Studio Wildcard’s co-founder talks about how ARK: Survival Evolved stays sustainable without microtransactions


We’ve all been beaten over the head with lots of news regarding predatory microtransactions practices, and there’s certainly plenty of evidence that would lead one to believe that the business model is just the price of playing games nowadays. Jesse Rapczak, co-founder of Studio Wildcard, sees things differently, particularly when it comes to ARK: Survival Evolved, which by his account seems to have accidentally found a secret to sustainable success without resorting to selling skins or lootboxes.

The account in question comes by way of an interview with GamesIndustry, which explains that the company’s plan to release annual large-scale expansions has worked out well: 16 million copies of ARK have been sold across PC and console, with reported mobile installs in the tens of millions and the distinction of being one of the most played titles on Xbox Game Pass.

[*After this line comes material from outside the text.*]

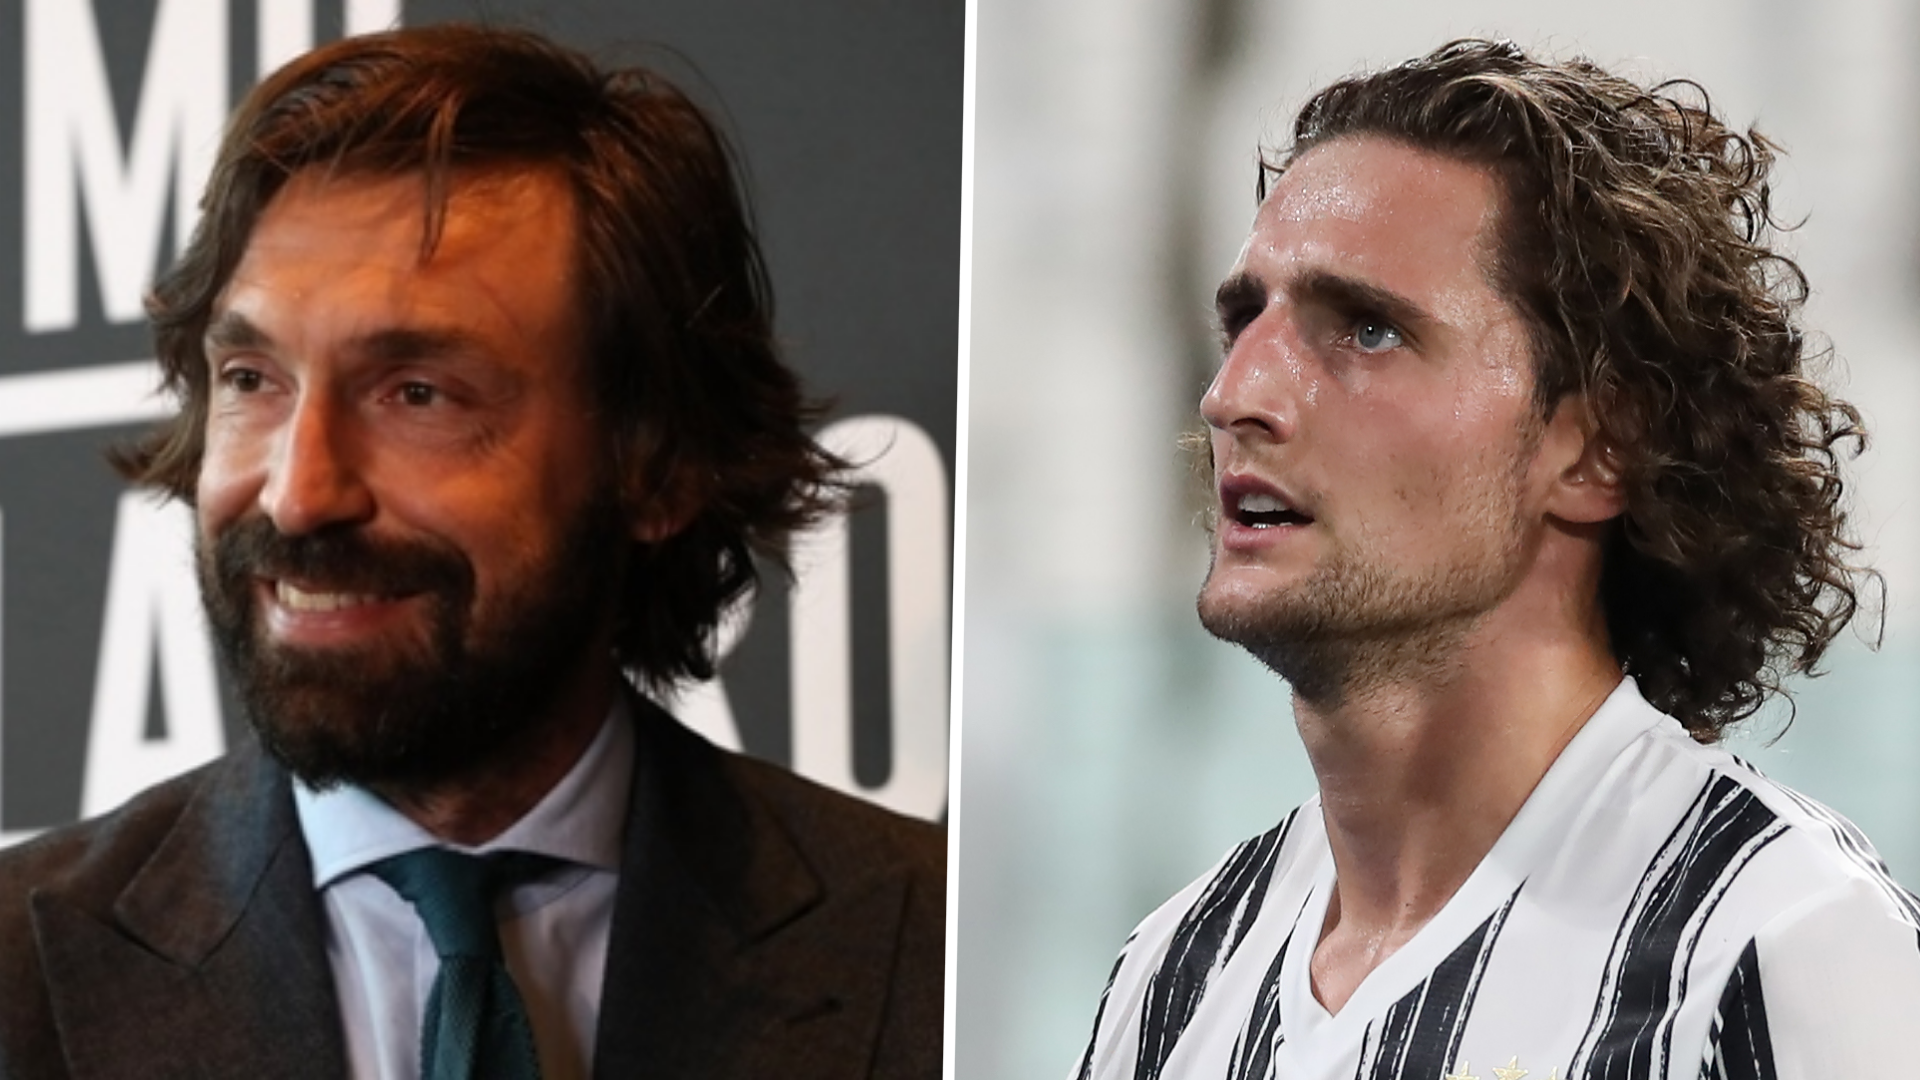 'Pirlo is the perfect coach for me!' - Rabiot confident new Juve boss will help him improve

All of this comes as something of a surprise to Rapczak, judging by his responses in the interview. “ARK is an online game with official servers and a lot of costs to keep the game running. It’s important to us to always be bringing in new players, and part of that is creating new content for the existing ones so they bring in their friends,” says Rapczak. “Doing one big premium update every year so far has provided the game with the yearly revenue model that it needs to continue development.”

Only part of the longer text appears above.